- Date posted
- 1y
Help me please i am dying
I imagined being a trans and i felt excited about doing HRT and it felt pleasurable and very wanted this time 1000% I am done , i am dying please help please
I imagined being a trans and i felt excited about doing HRT and it felt pleasurable and very wanted this time 1000% I am done , i am dying please help please
It just feel i am a trans in denial pleaaase helllllp
@star1232 Same, it actually feels like I want it
wym? you’re not dying!! I promise you. (I am not familiar with this type of OCD so i do want to tread carefully as to not come off condescending.) but i do want to say, regardless of any preconceived notions you’ve been given in your life, I don’t know why the transgender experience could be the most horrifying thing for to you to be (because that’s often how my OCD worked with me when i was younger, get to that in a bit) but if it is, okay, long journey to go but great!, if not, okay, great, you’re good where you’re at!
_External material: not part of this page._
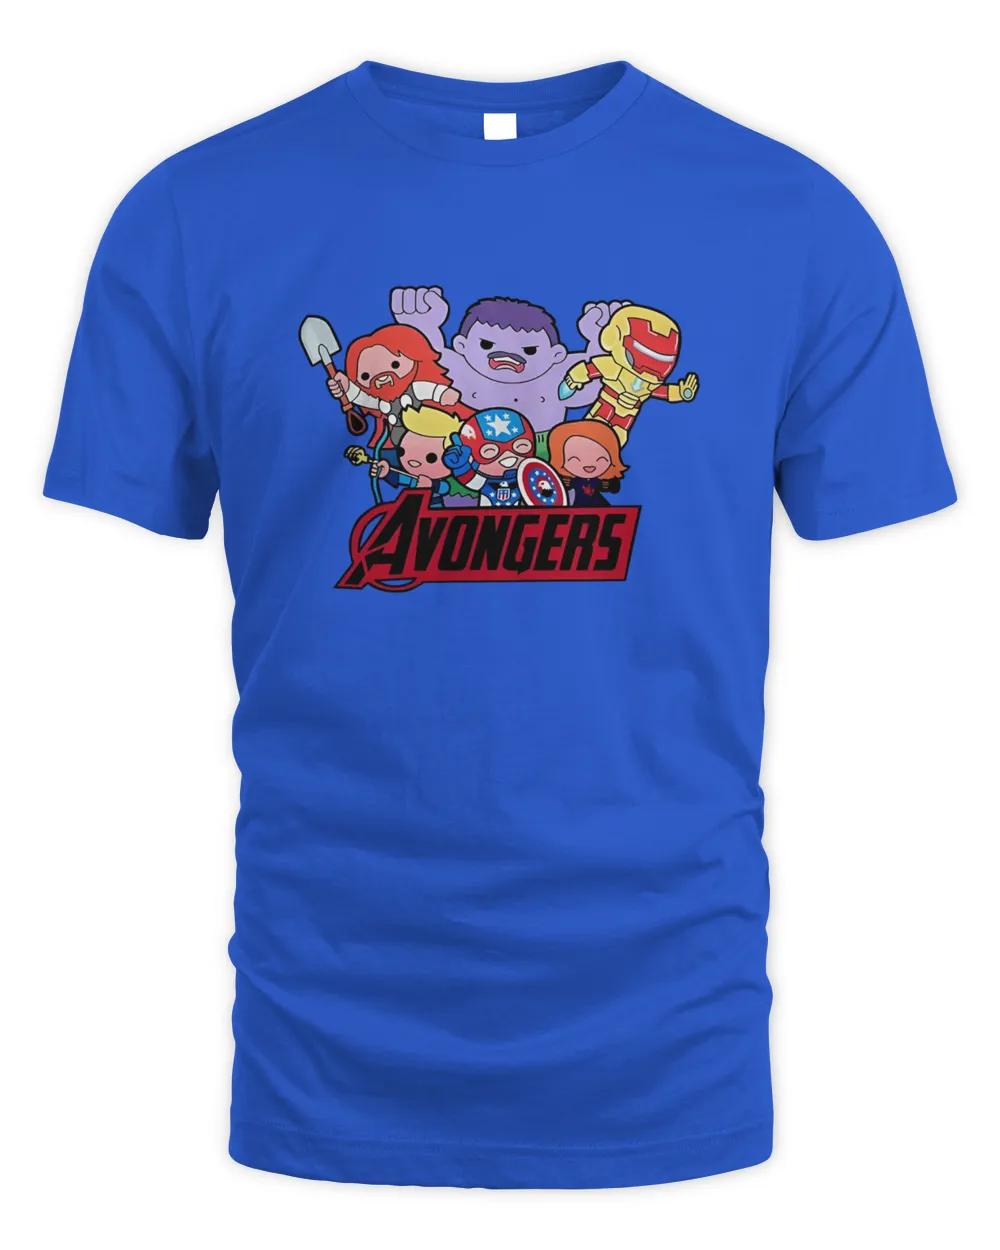 Avongers Shirt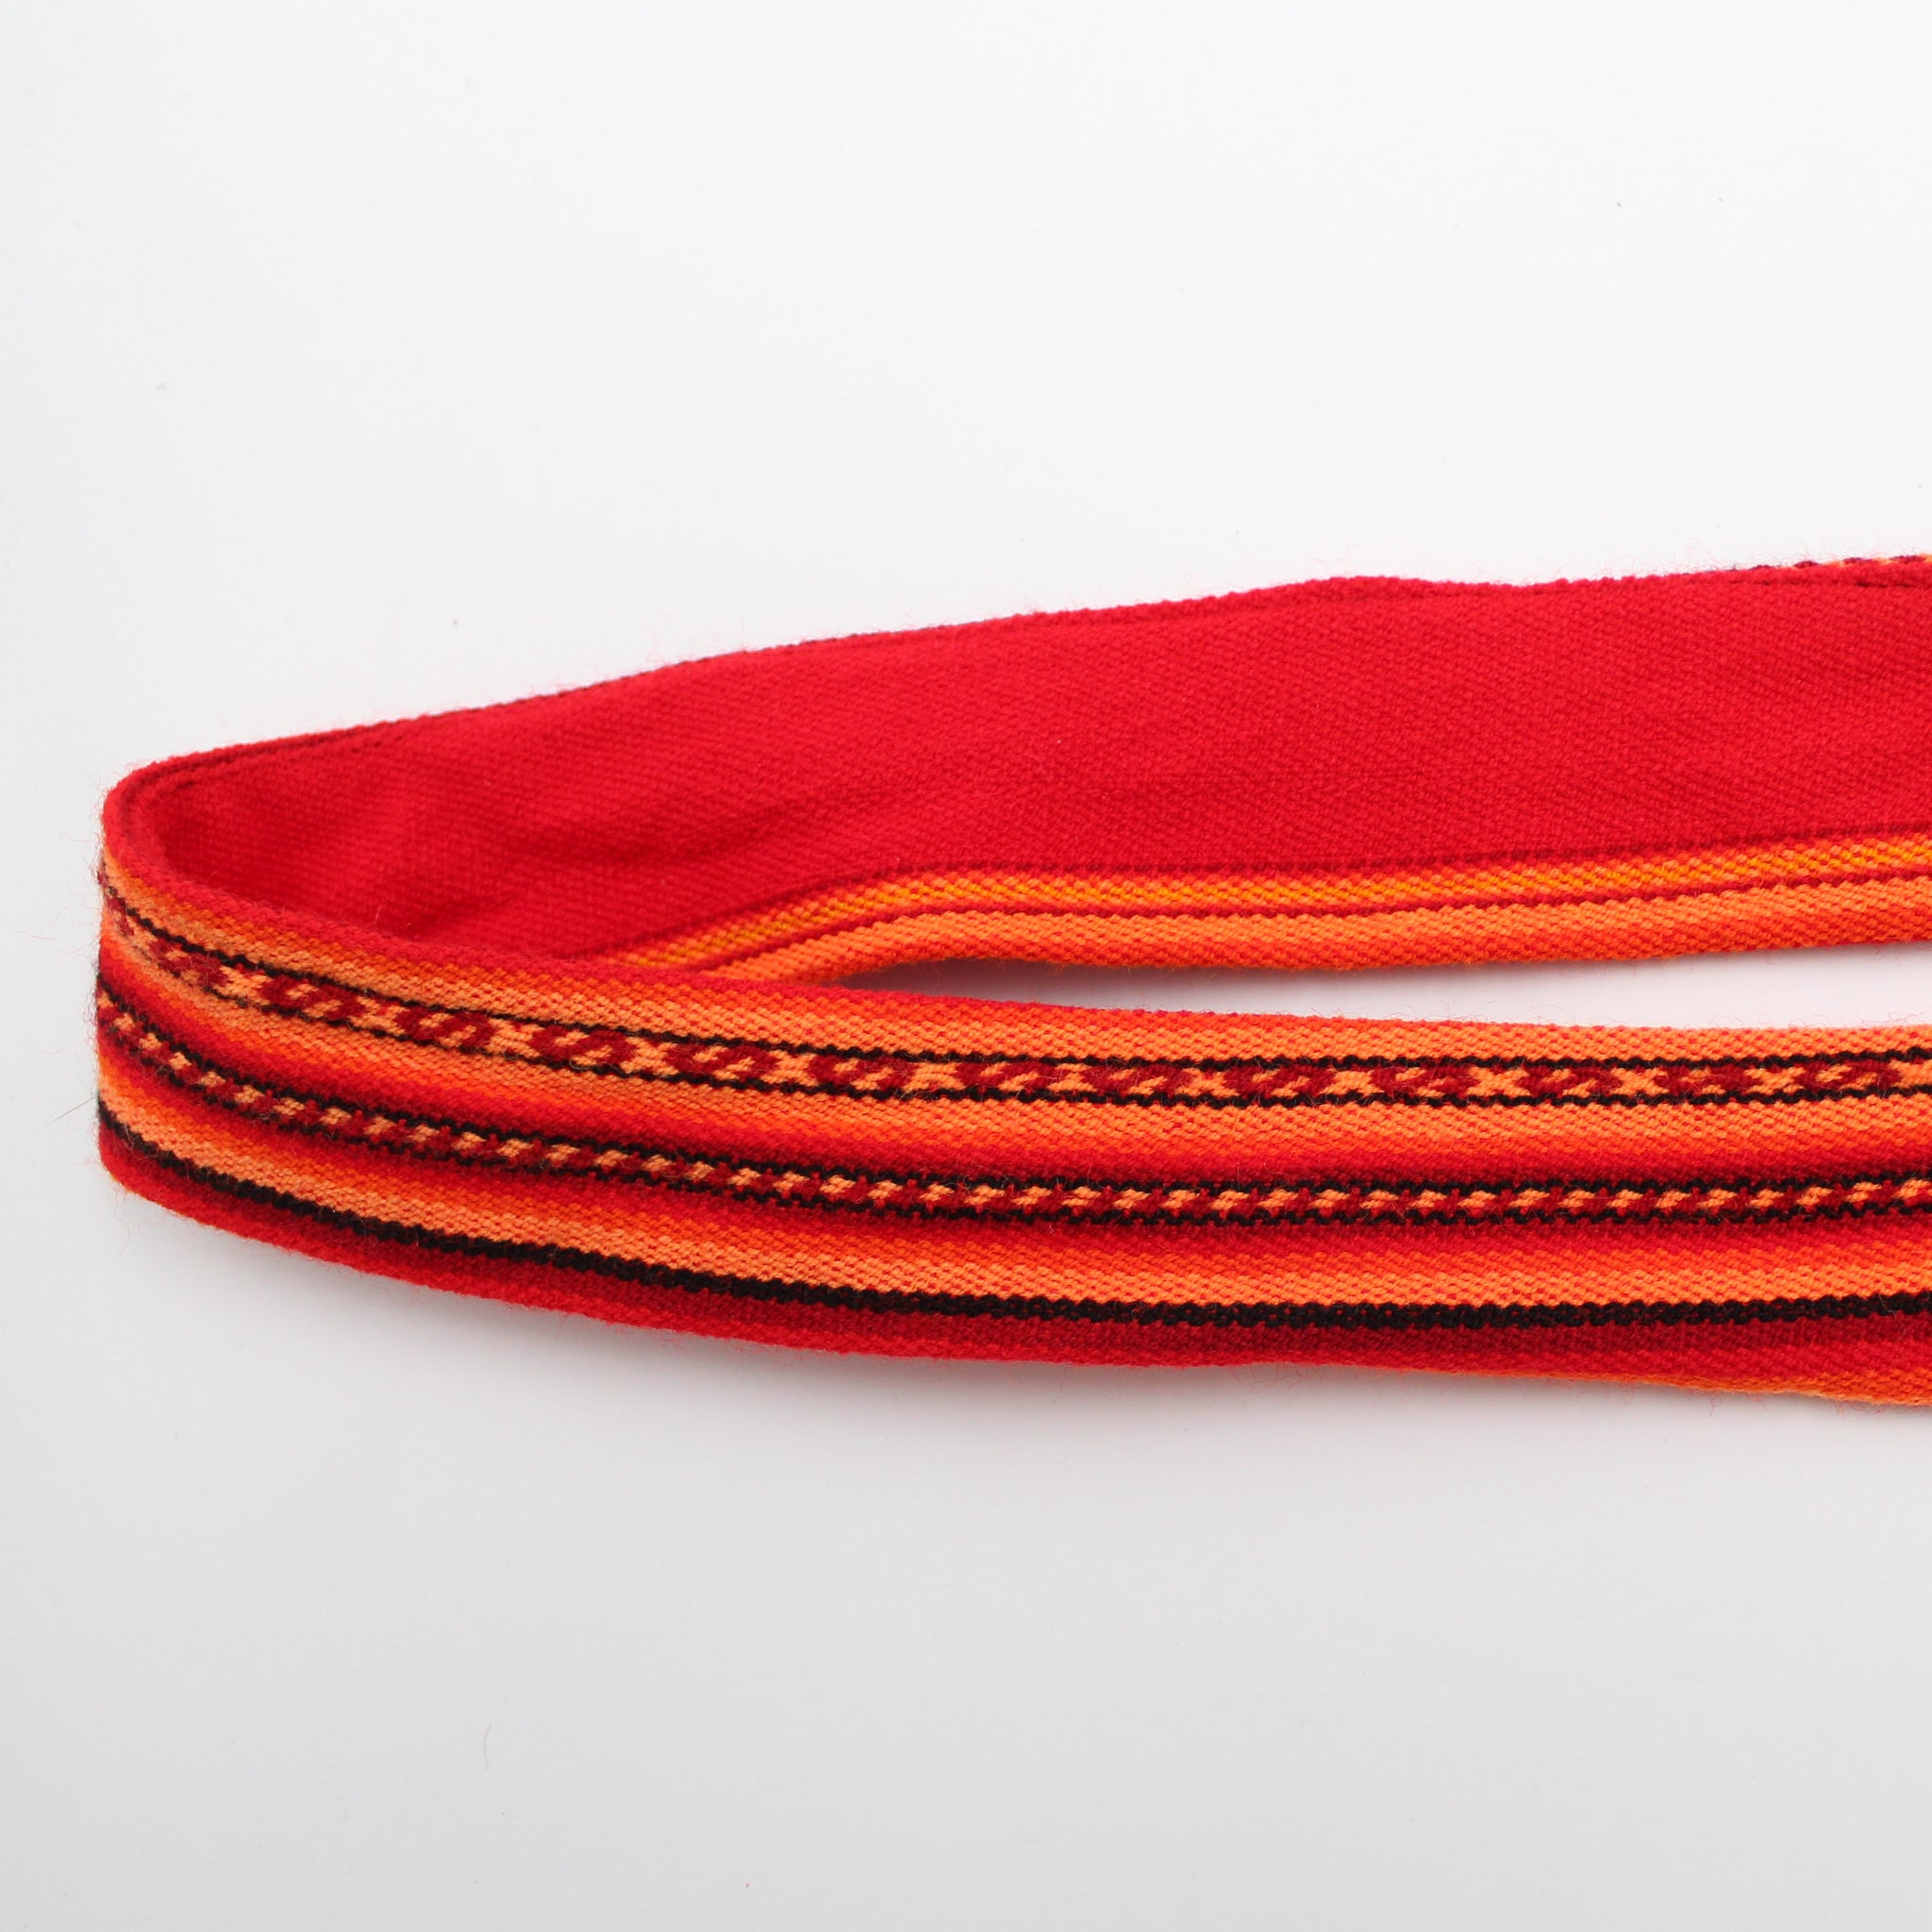 Aguayo Crossbody Bag - Incan Orange and Red

NEITHER of those options say star1232 is going to die. i’ve had my ocd manifest in so many disturbing ways throughout my life. One of them, in late middle school and early high school, was the devil, or that i’d be a devil worshipper. that i’d be doing the sign of the cross on myself after prayer and unwittlingly do an upside down, Satanic cross. (now, the last thing i’m doing is pulling a conservative scare tactic and comparing transgenders to Satanists, feels like i have to say that rn) I had a vial of holy water next to my bed for whenever these thoughts came across. When i allowed myself to realize WHY i was so terrified of that, and why that perturbed me so much as a thought, it all made sense. It was my parents, it was the church. there wasn’t much social media back then beyond myspace and facebook, so a lot of the trauma was family and church inflicted. but as for you, that might not be the case, i don’t know. but perhaps look into WHY being transgender - whether you are or aren’t - could be the most terrifying thing to be for you. Maybe you are “trans in denial”, and you need to come to terms with it, just like i came to terms with being gay. But there’s also the possibility that it’s your OCD, hence why there’s a whole subsection on NOCD dedicated to Transgender OCD. Whatever the case, being unkind to yourself is never the answer. And you will never get those answers unless you treat yourself kindly and patiently. you’ve got this, i promiseeee. ✨ have a badass day
*”if you are, great!”
but do you want to do it? what gender do you want to be? i also feel like im in denial im in the same boat as you
@Ksch24 I am a woman and always wanted to be a woman The tocd came from hocd or the possibility of being bi or gay I really do not want to be a man
@star1232 then it’s intrusive thoughts. my brain keeps telling me i want to be a boy and that i hate my body and stuff so i understand where you’re coming from
@star1232 how old are you?
@Ksch24 26 yo
@Ksch24 Believe me when imagining being a man i feel im in a prison but thosr in my rare clarity moments but everyday my mind convinces me i am a man and i want to be 💔 i am disconnected from myself and my femininty
@Ksch24 But today i really feel im just in denial 💔
@Ksch24 But today i really feel im just in denial 💔
@star1232 do you want to talk somewhere else? i’m feeling the same as you today
@Ksch24 Yes ofcourse
@star1232 do you have instagram or snap?
@Ksch24 Yes i have insta and what’s and fb
@star1232 we can talk on insta. mines katie_schwe
Hey I just turned 27 if you wanna chat I have the same problem
@Iloverowdy12 Yes
@star1232 What’s your insta?
@Iloverowdy12 Write yours please so i could find you
@star1232 @katelynnkile
@Iloverowdy12 Done
Is it normal for this theme to legit make you feel like you’re the opposite gender and that’s what you want to be and it’s very convincing? And you just keep getting images and scenarios in ur head of you transitioning and actually going through with it? This is sooo scary and i don’t feel like myself at all anymore. It’s making me not feel like a woman or myself of how I’ve always been my whole life. I’m really nervous and scared, it’s really make me feel like this is my true feelings/ self ): it’s causing me to feel weird k. My own body and feel weird about my body parts. Like my brain is literally thinking as a trans person would feel or think like wtf??? Is this normal?!? Pls someone let me know. & and it’s making me feel like I’m attracted to woman all the sudden and i keep getting flashes of that in my head. I’m in a relationship and im scared this is gonna ruin things bc the way this theme is making me feel and my body. Ugh ihml, need some advice. Has anyone experienced exactly this??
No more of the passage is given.